OBJECTIVES: Dental caries of the permanent dentition is a multifactorial disease resulting from the complex interplay of endogenous and environmental risk factors. The disease is not easily quantitated due to the innumerable possible combinations of carious lesions across individual tooth surfaces of the permanent dentition. Global measures of decay, such as the DMFS index (which was developed for surveillance applications), may not be optimal for studying the epidemiology of dental caries because they ignore the distinct patterns of decay across the dentition. We hypothesize that specific risk factors may manifest their effects on specific tooth surfaces leading to patterns of decay that can be identified and studied. In this study, we utilized two statistical methods of extracting patterns of decay from surface-level caries data to create novel phenotypes with which to study the risk factors affecting dental caries.
METHODS: Intra-oral dental examinations were performed on 1068 participants aged 18-75 years to assess dental caries. The 128 tooth surfaces of the permanent dentition were scored as carious or not and used as input for principal components analysis (PCA) and factor analysis (FA), two methods of identifying underlying patterns without a priori knowledge of the patterns. Demographic (age, sex, birth year, race/ethnicity, and educational attainment), anthropometric (height, body mass index, waist circumference), endogenous (saliva flow), and environmental (tooth brushing frequency, home water source, and home water fluoride) risk factors were tested for association with the caries patterns identified by PCA and FA, as well as DMFS, for comparison. The ten strongest patterns (i.e. those that explain the most variation in the data set) extracted by PCA and FA were considered.
RESULTS: The three strongest patterns identified by PCA reflected (i) global extent of decay (i.e. comparable to DMFS index), (ii) pit and fissure surface caries and (iii) smooth surface caries, respectively. The two strongest patterns identified by FA corresponded to (i) pit and fissure surface caries and (ii) maxillary incisor caries. Age and birth year were significantly associated with several patterns of decay, including global decay/DMFS index.
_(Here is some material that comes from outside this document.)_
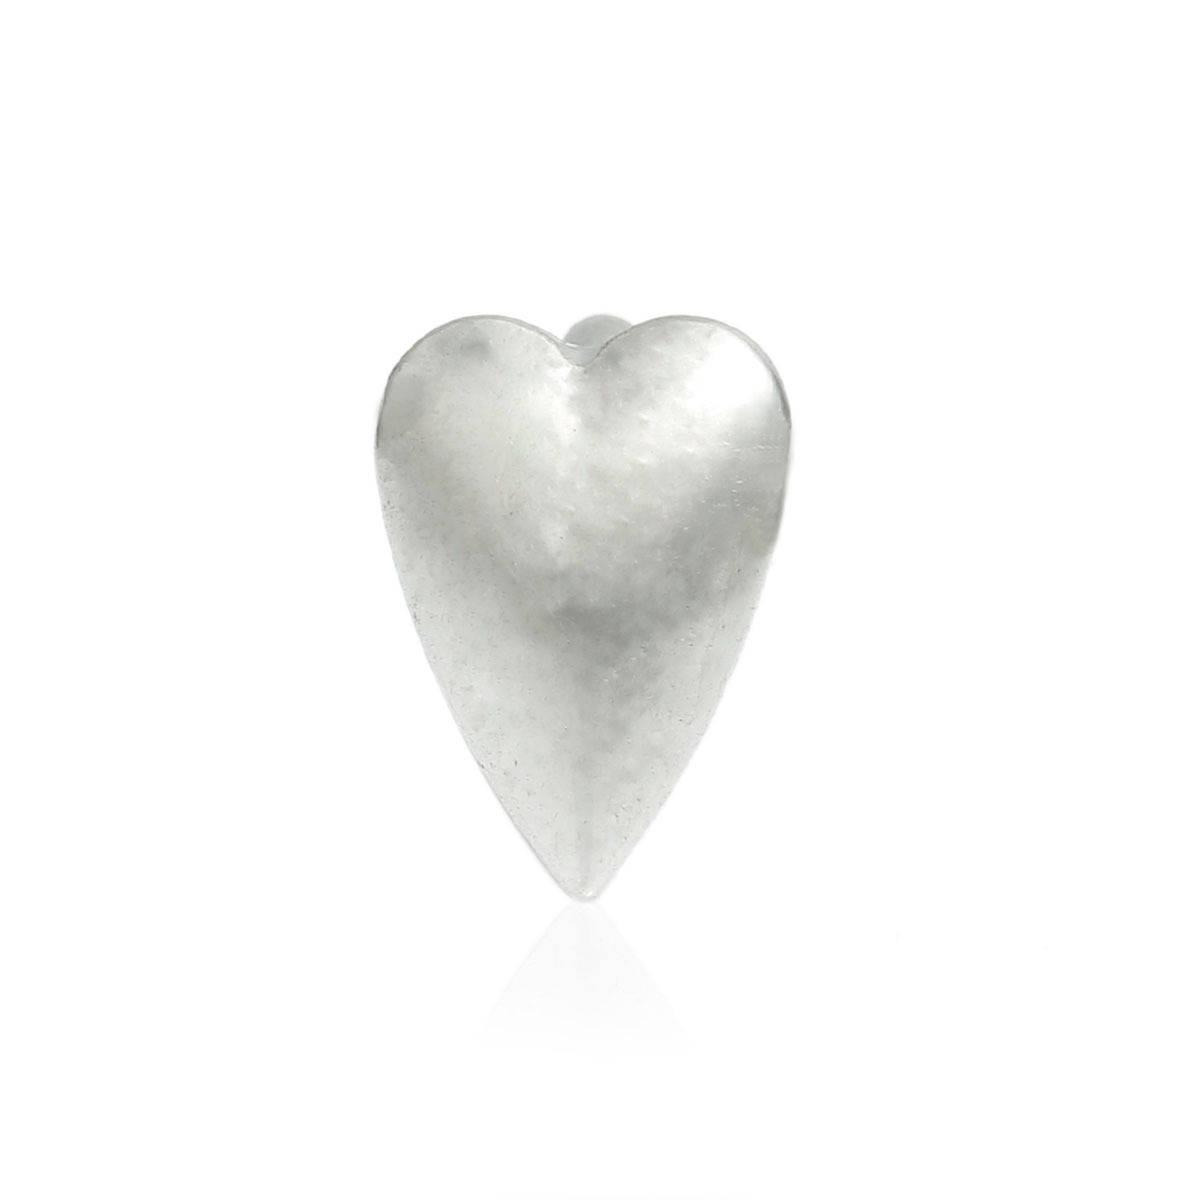 1 Perle Passant Argenté Coeur pour cordon 5-6 mm - SC76515- Création bijoux

Sex, race, educational attainment, and tooth brushing were each associated with specific patterns of decay, but not with global decay/DMFS index.
CONCLUSIONS: Taken together, these results support the notion that caries experience is separable into patterns attributable to distinct risk factors. This study demonstrates the utility of such novel caries patterns as new outcomes for exploring the complex, multifactorial nature of dental caries.